WHAT TO PRODUCE. Take from the entries below the stretch from the line with "Family Health Data Network Full White" through the line with "Boohoo Womens Jenny", and return it exactly, leaving the pictures out.

[[ SUPPLIED RECORDS, beginning ]]

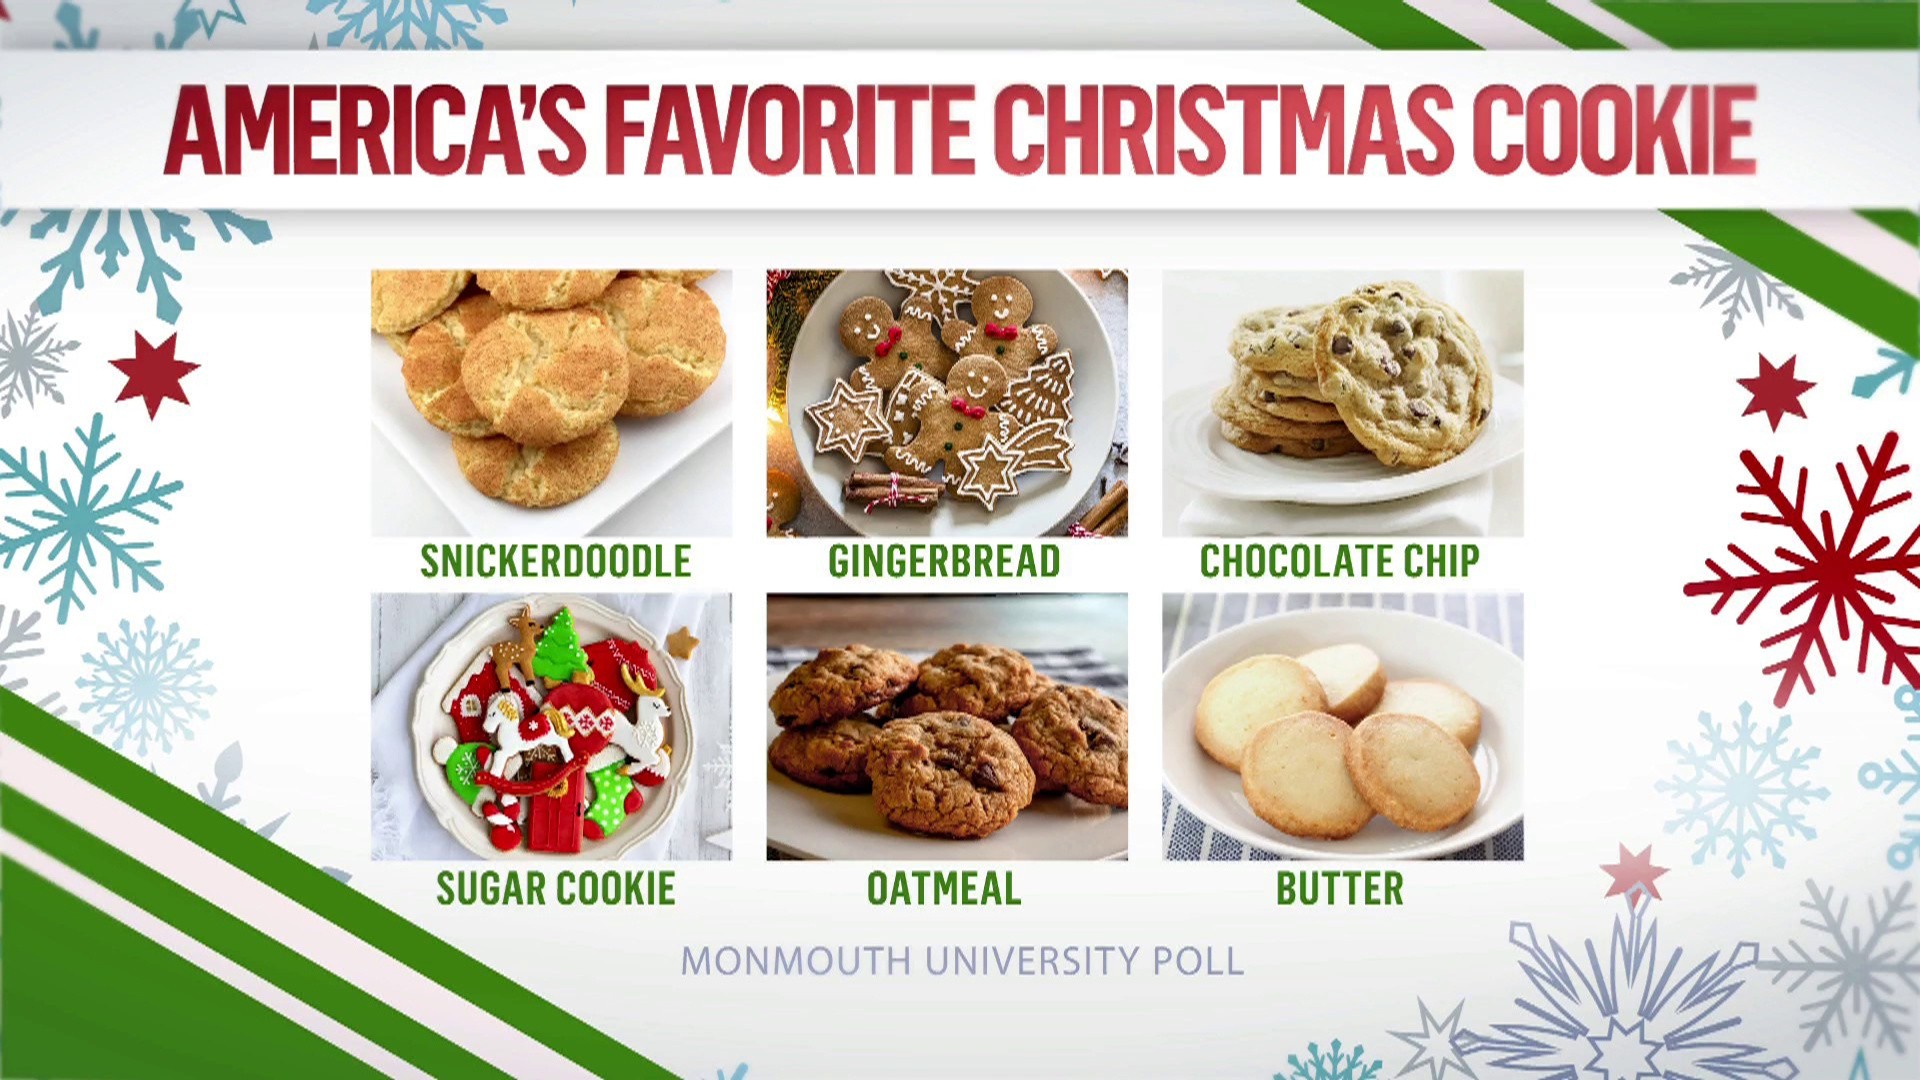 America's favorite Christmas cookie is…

[[ SUPPLIED RECORDS, end ]]
[[ SUPPLIED RECORDS, beginning ]]

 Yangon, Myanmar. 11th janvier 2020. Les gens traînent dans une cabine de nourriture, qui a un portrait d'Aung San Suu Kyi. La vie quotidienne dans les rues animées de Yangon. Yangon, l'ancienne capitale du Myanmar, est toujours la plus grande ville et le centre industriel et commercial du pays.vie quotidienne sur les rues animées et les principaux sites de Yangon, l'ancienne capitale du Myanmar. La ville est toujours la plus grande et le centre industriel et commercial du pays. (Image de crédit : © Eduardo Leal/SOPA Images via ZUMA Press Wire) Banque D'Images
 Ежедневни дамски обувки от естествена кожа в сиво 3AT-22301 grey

[[ SUPPLIED RECORDS, end ]]
[[ SUPPLIED RECORDS, beginning ]]

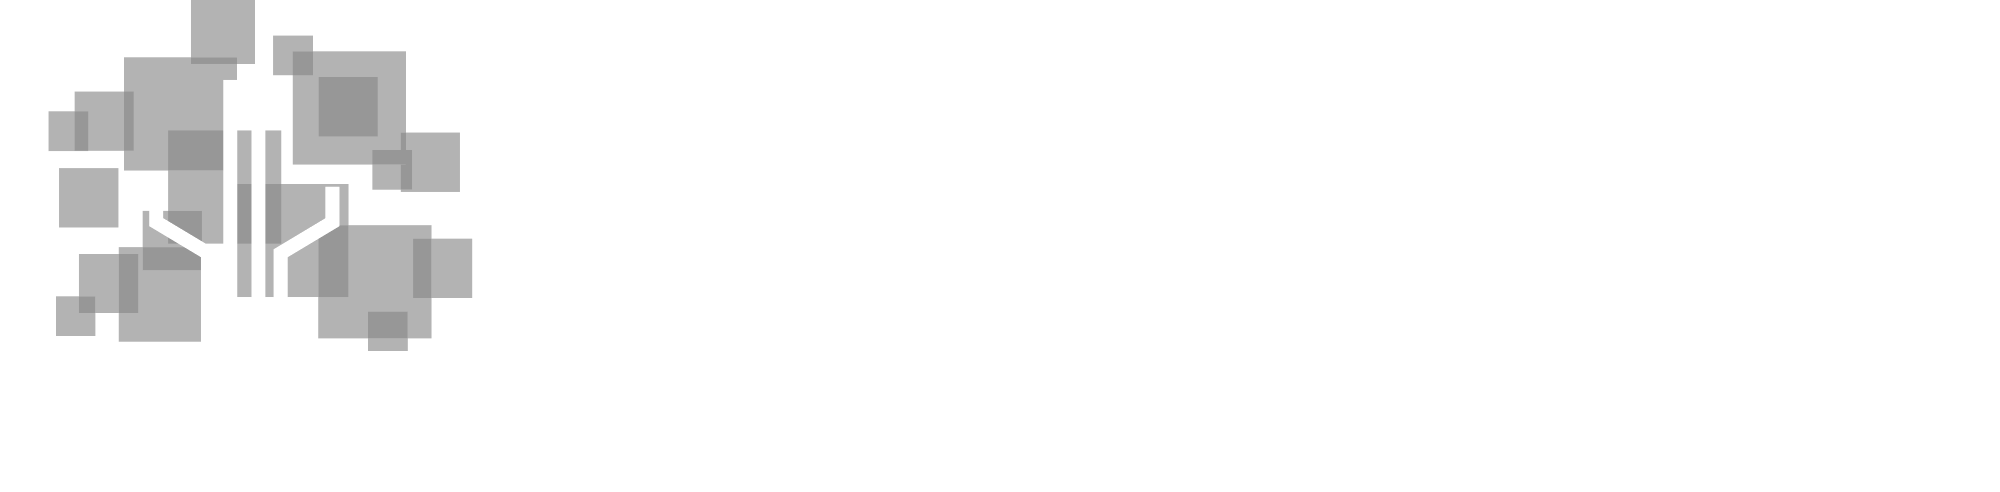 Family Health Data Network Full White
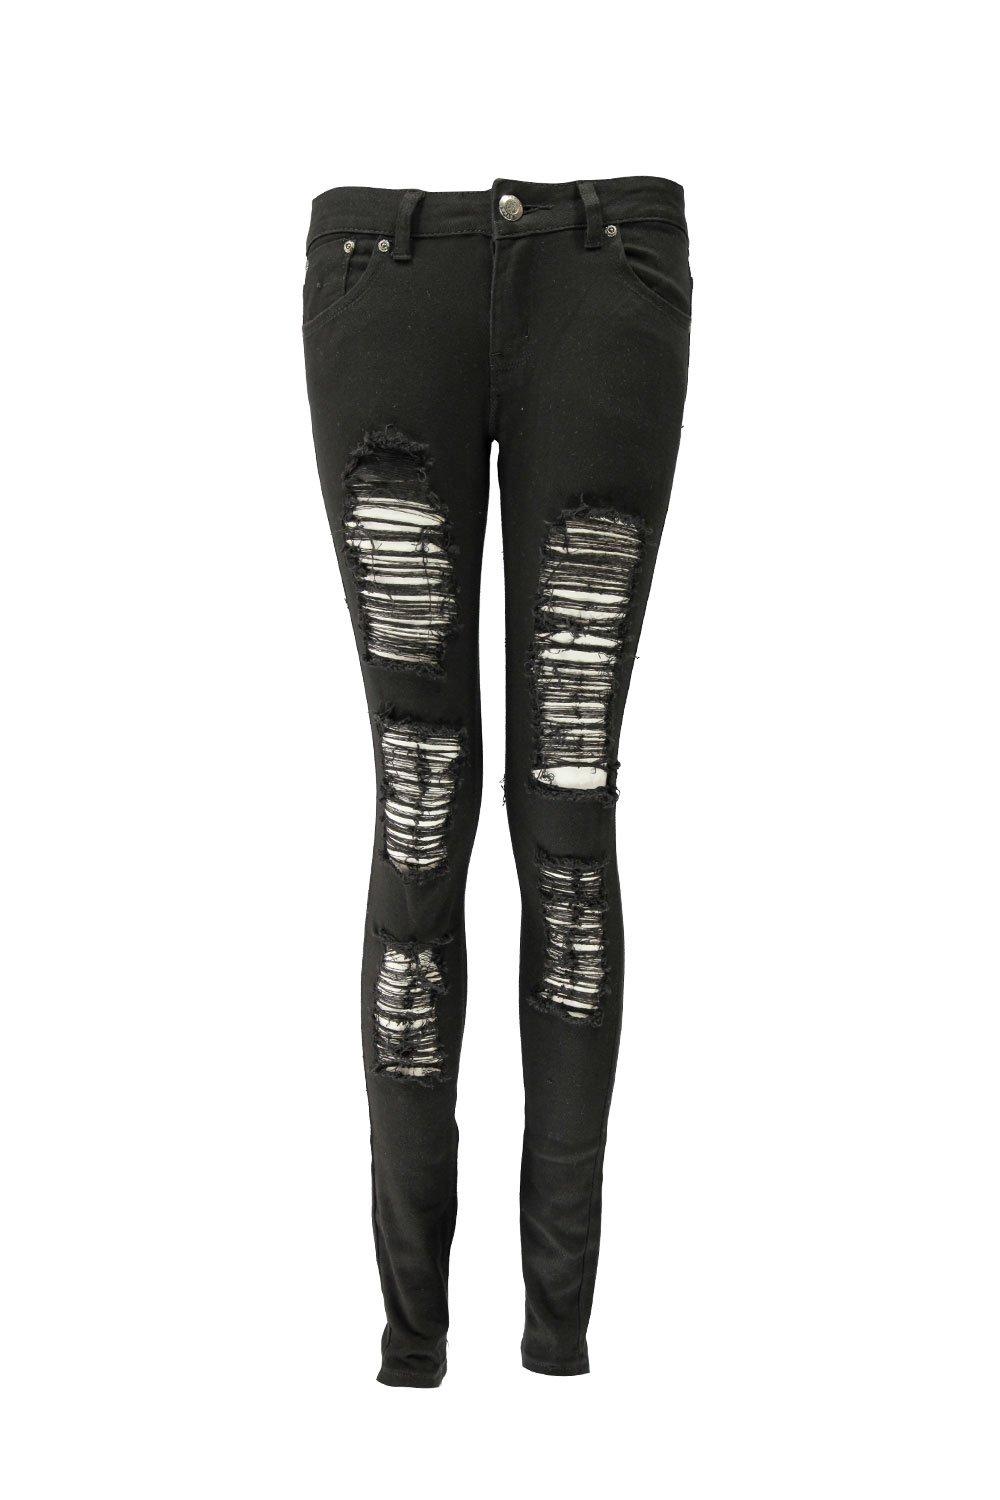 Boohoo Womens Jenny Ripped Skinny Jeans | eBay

[[ SUPPLIED RECORDS, end ]]

SOLUTION.
 Family Health Data Network Full White
 Boohoo Womens Jenny Ripped Skinny Jeans | eBay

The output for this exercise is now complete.